The key to the material's low refractive index is its porosity, Schubert says. The more easily a material's electrons are jostled by electromagnetic waves, the higher its index. But a porous material has fewer electrons to be jostled, he says, hence a lower index.

By stacking five layers of nanorods, each one less porous than the one below it, they varied the coating's refractive index in a series of steps, going from 2.03 at the bottom (closely matching the wafer) to 1.05 at the top (compared with 1.0 for air).
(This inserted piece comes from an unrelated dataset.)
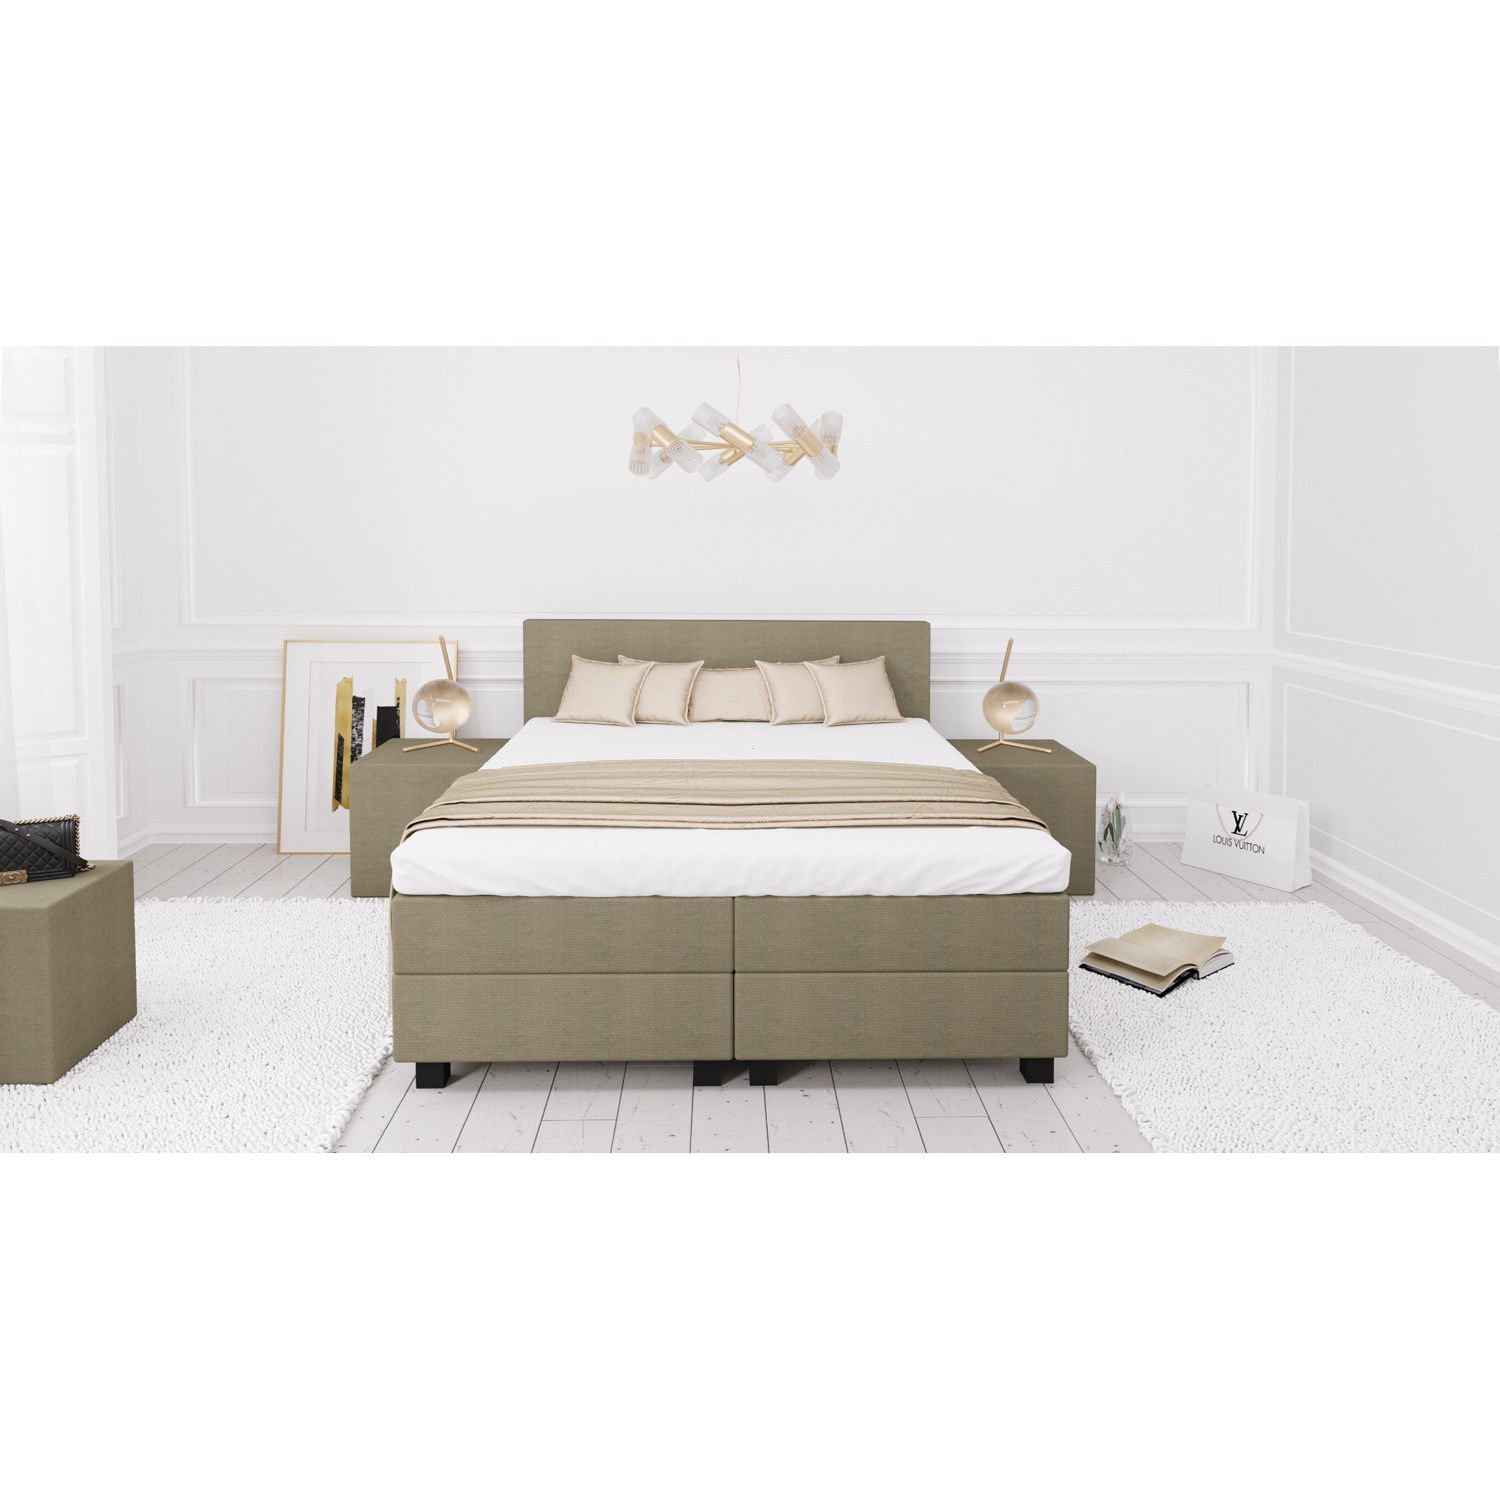 Boxspring set Holmstad de Luxe - Taupe

Because each step is small, total reflection was reduced to as little as 0.1 percent, the group reports this week in Nature Photonics.

The graded steps had another notable effect: The coating works well for many wavelengths of light and for light coming in at a range of angles—though it works best at close to 30 degrees, the group found. Schubert says antireflection layers typically reduce the reflection of one wavelength of light at the expense of enhancing reflection at other wavelengths, and they tend to work only for light striking the surface perpendicularly.

"It's one of the highest quality antireflection coatings I've seen," says Steven DenBaars, an LED-lighting researcher at the University of California, Santa Barbara. "It's not the solution to high brightness for LEDs," he says, but it may bump up their output by 5 to 10 percent. The next step, he says: "They'll have to see what it does in a real device."